- _Supplied data_
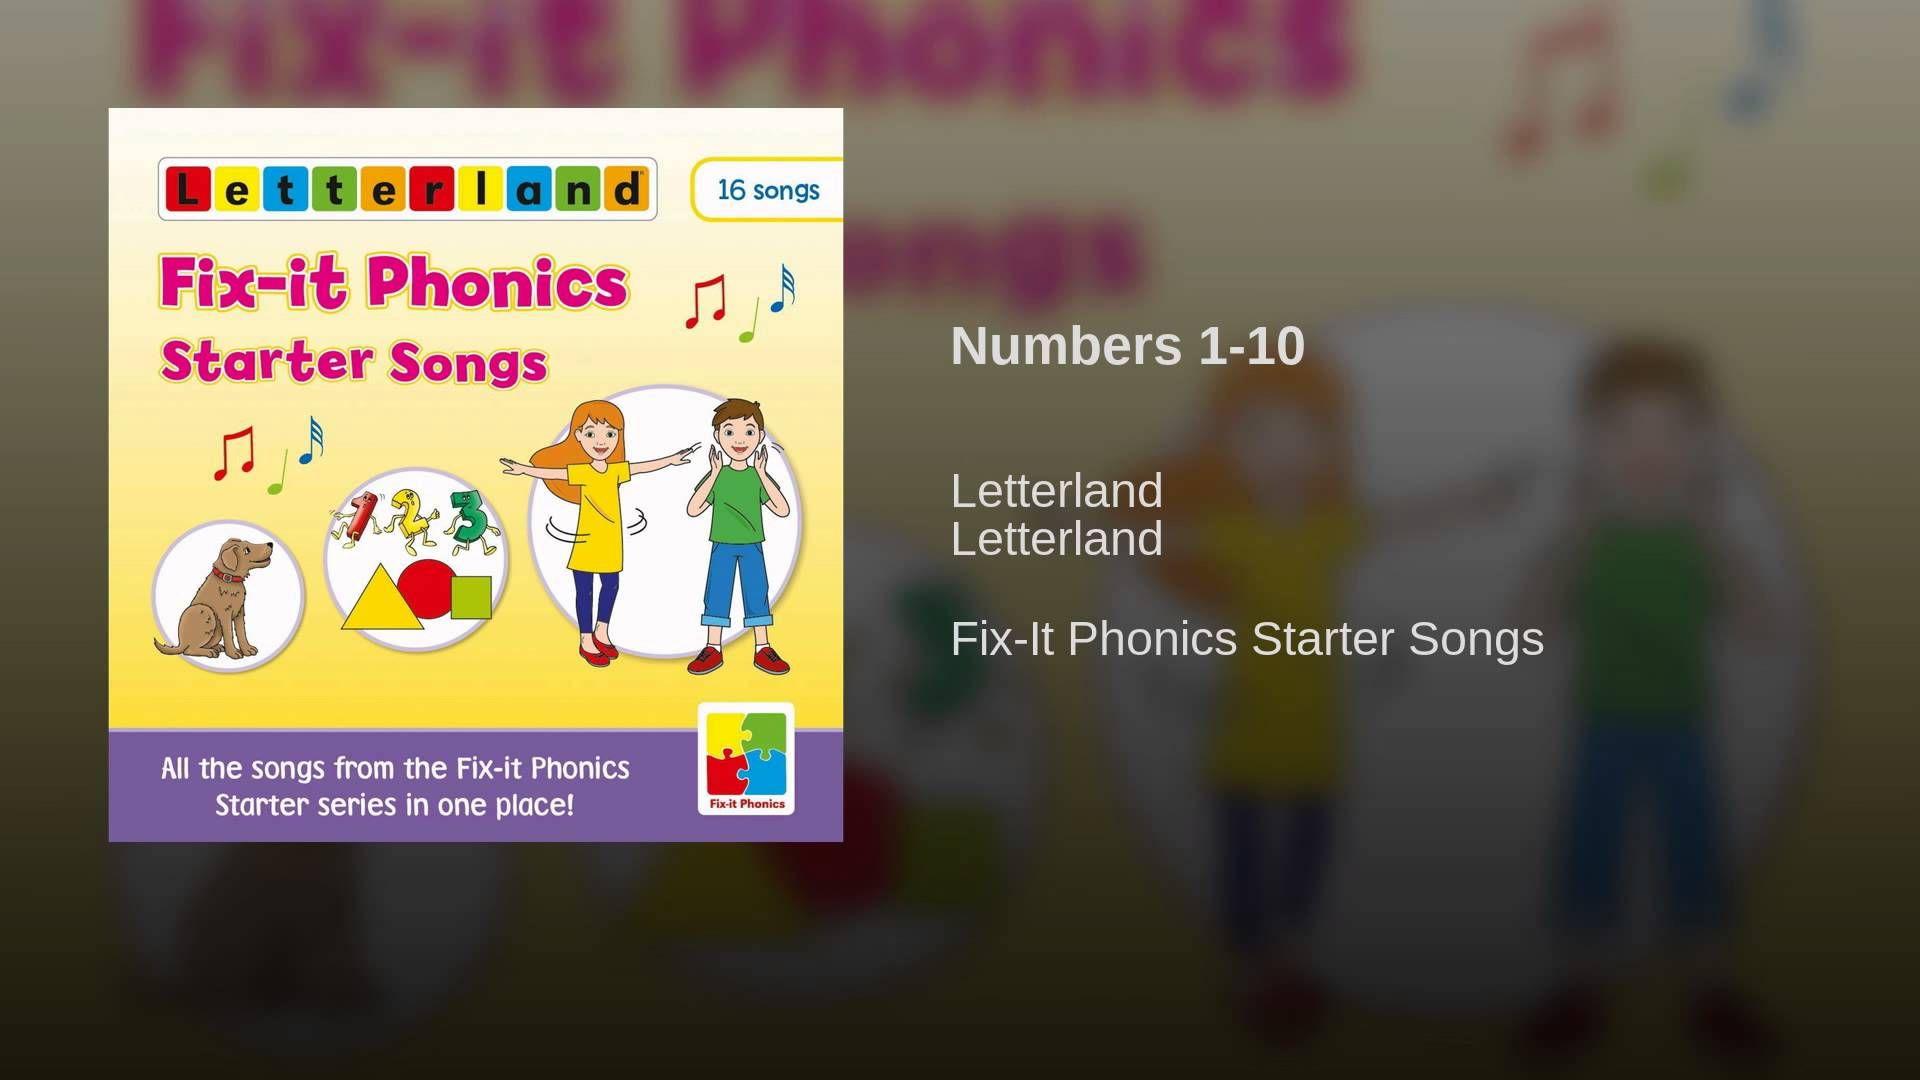 Numbers 1-10 | Numbers 1 10, Phonics, 10 things
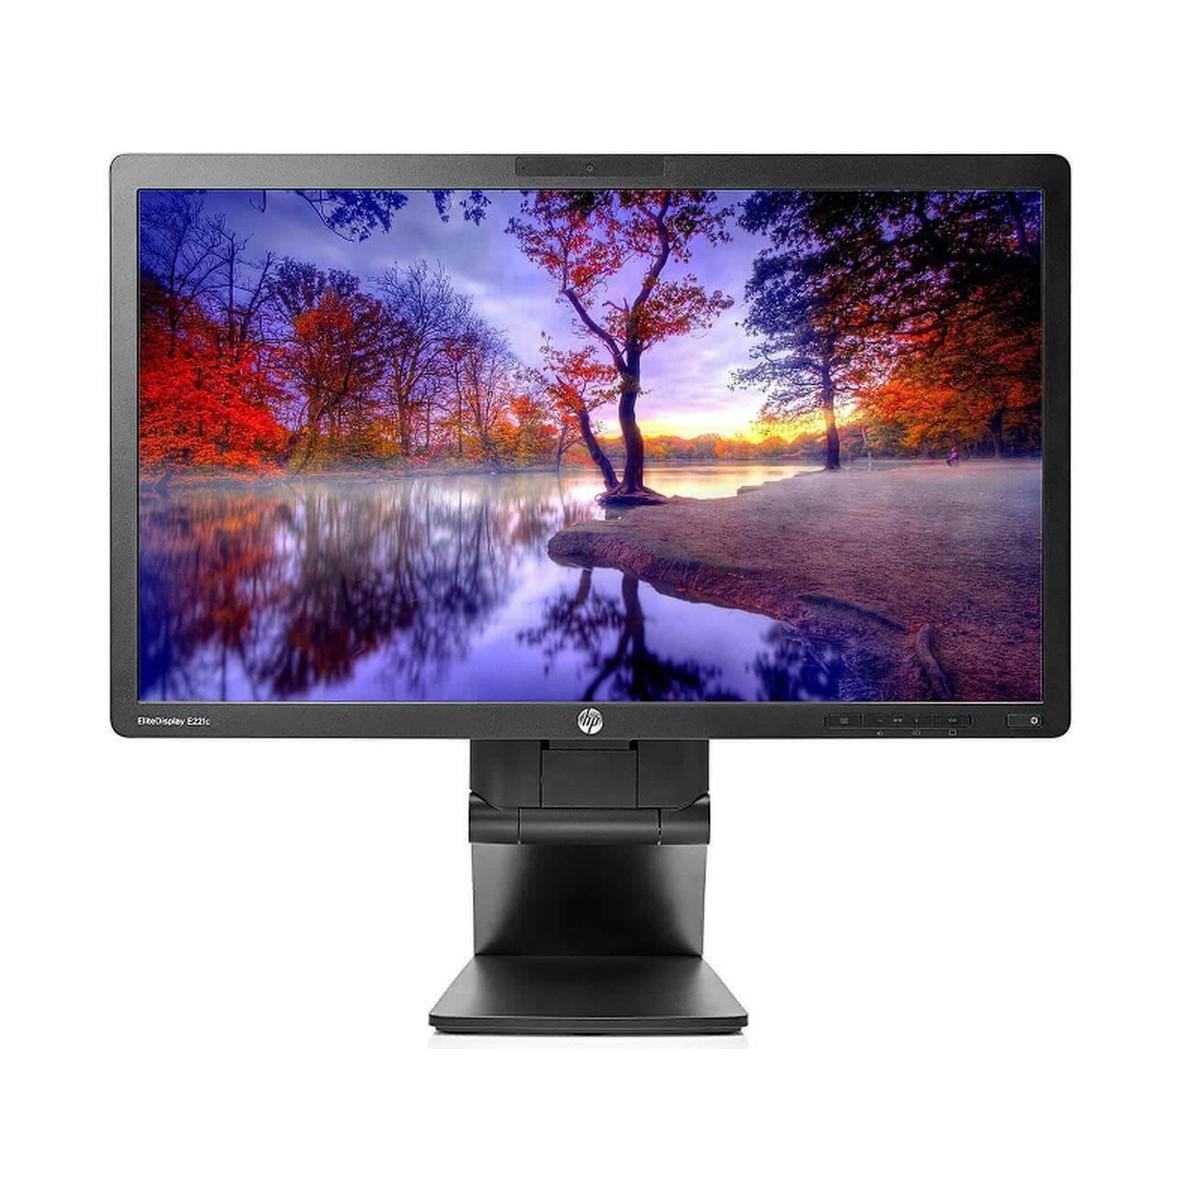 MONITOR HP E221c 21,5' IPS LED FULL HD KAMERA KL.A
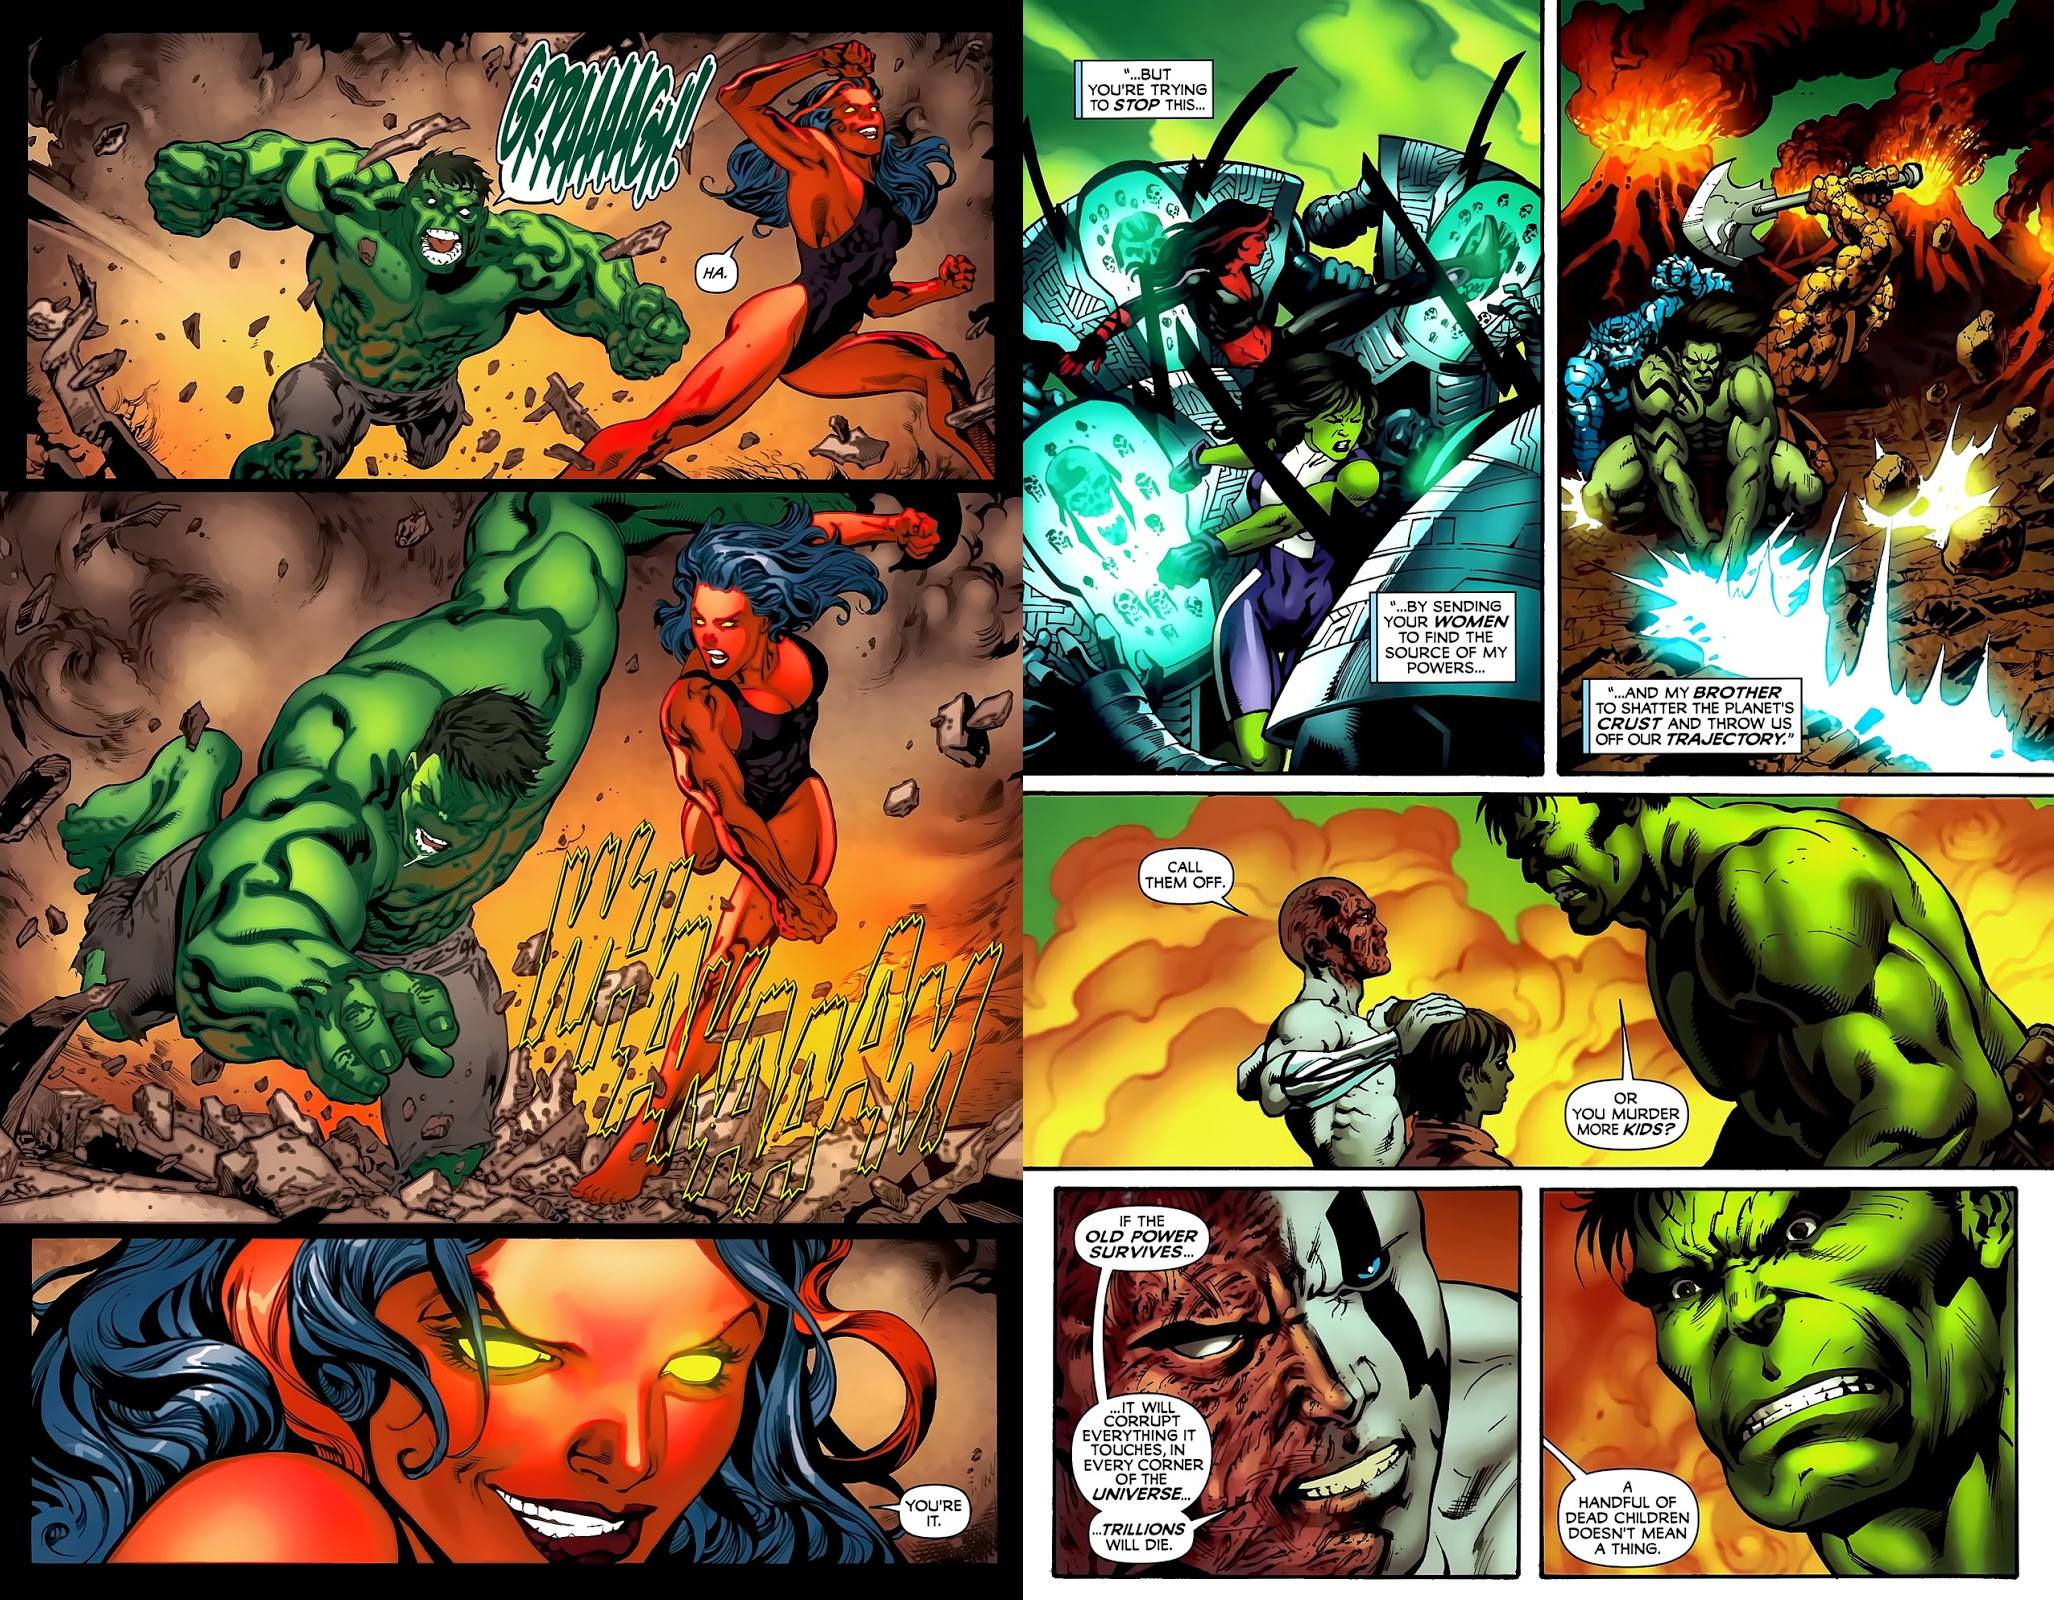 The Incredible Hulks Dark Son review
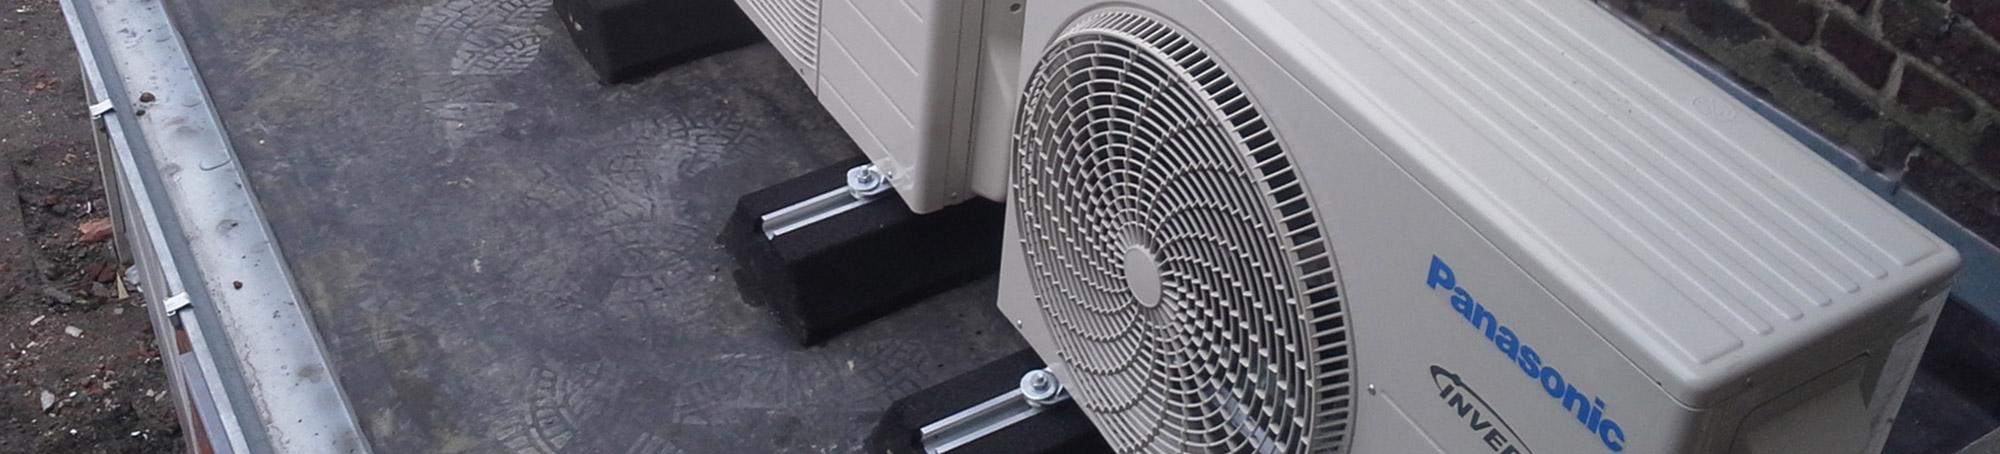 Equipement de climatisation

- _What this task involves_
All of the material above is to be copied exactly, with no pictures.

- _Solution for this problem_
 Numbers 1-10 | Numbers 1 10, Phonics, 10 things
 MONITOR HP E221c 21,5' IPS LED FULL HD KAMERA KL.A
 The Incredible Hulks Dark Son review
 Equipement de climatisation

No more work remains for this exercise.